If you want to make sure what you’re doing is a repair and not an improvement, be sure to be cautious about making outright replacements if they’re not necessary. Patch and mend whenever possible, and keep good records about what was included in the repair and why it was called for.

Employees and Independent Contractors

If you’ve hired a property manager to take care of your rental or if you employ a handyman to fix things, then you can deduct their wages as a business expense. This category can also extend to housecleaners, gardeners, pool cleaners, and any other type of independent contractor you enlist to keep your property running.

If you pay an employee or independent contractor more than $600 in a single year, the IRS asks you to submit their tax ID number and the amount you paid on Form 1099-MISC.


Having insurance on your rental property is a smart decision. Whether you’re protecting yourself from a fire, flooding, a tenant’s damage, or any accidents that may occur on your property, you should be sure your policy covers you where it counts.

Usually homeowners insurance covers someone’s primary residence. Obtaining insurance for a rental property is often more expensive than a homeowners policy, since rentals are treated as a business. However, any premiums you pay on rental related insurance can be deducted. If you’re a landlord with full-time employees, you can also deduct the cost of their health insurance.

Final word

Taxes don’t have to be overwhelming. And as a landlord, it makes good business sense to take advantage of the deductions already available to you. The key to being able to successfully claim any deduction is having a rock-solid system to keep everything organized. How can a landlord expect to deduct travel if they aren’t sure of the miles they drove? How can they deduct repairs if they constantly lose receipts?

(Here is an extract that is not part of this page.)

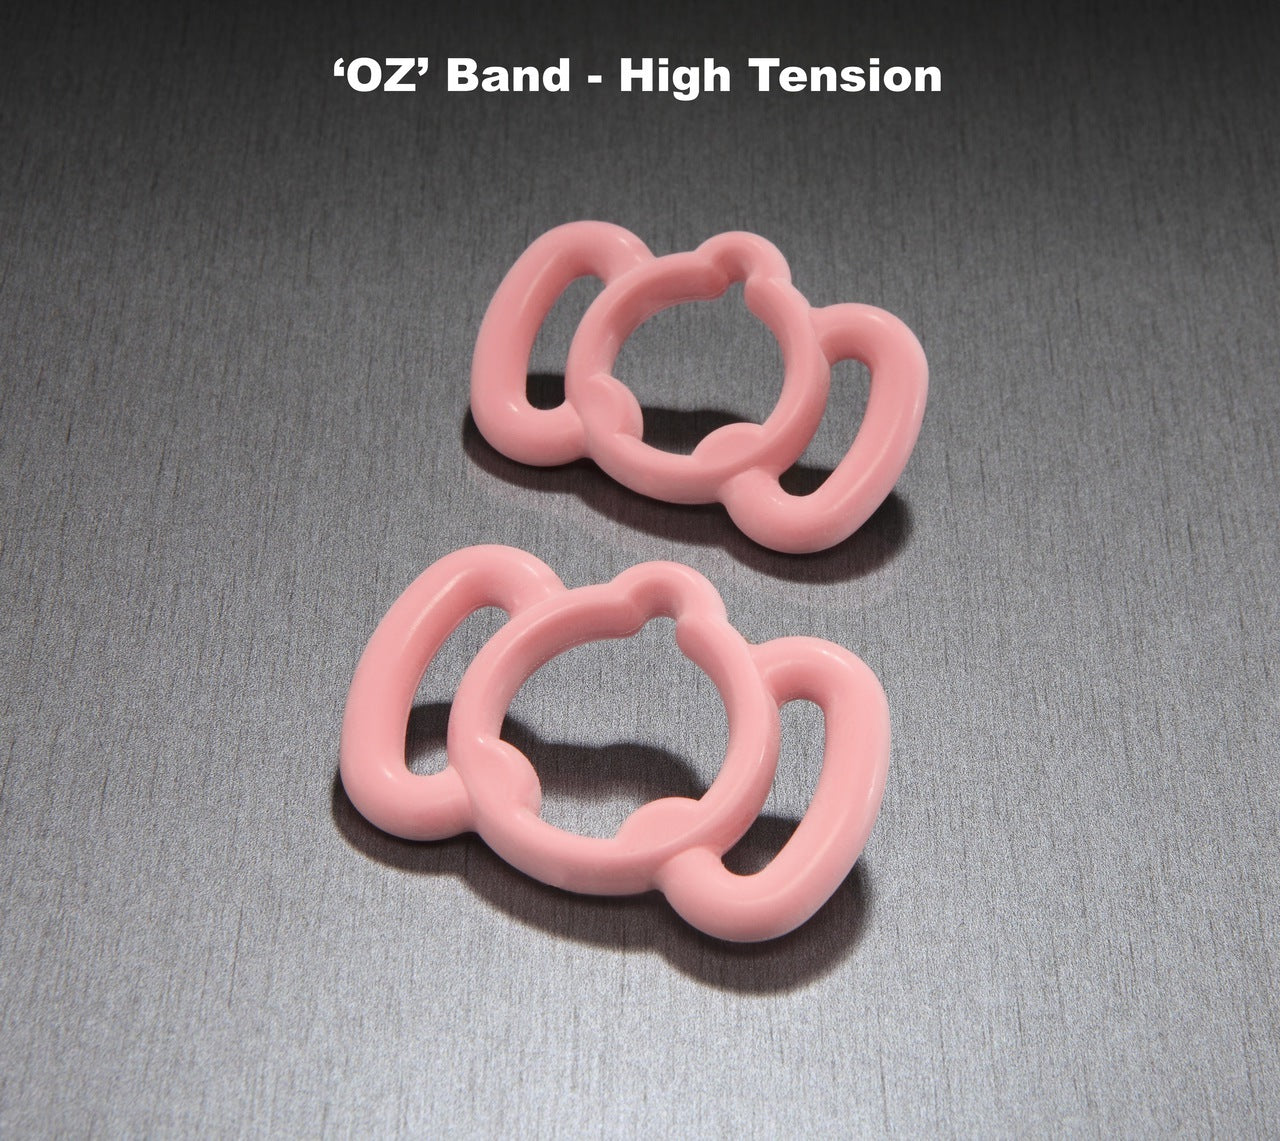 The 'OZ' Band from Pos-T-Vac | Set of 2 Bands

Organization is a great goal, but without a system and tools in place, it can easily fall flat. It’s worth taking a few minutes to decide what’s going to work for you. What will you do once you get a receipt? How are you keeping track of interest paid on your mortgages?

Whether you’re using Excel, QuickBooks, or a free property management software like the Tellus app, putting in a little work now can save a lot of time and money later.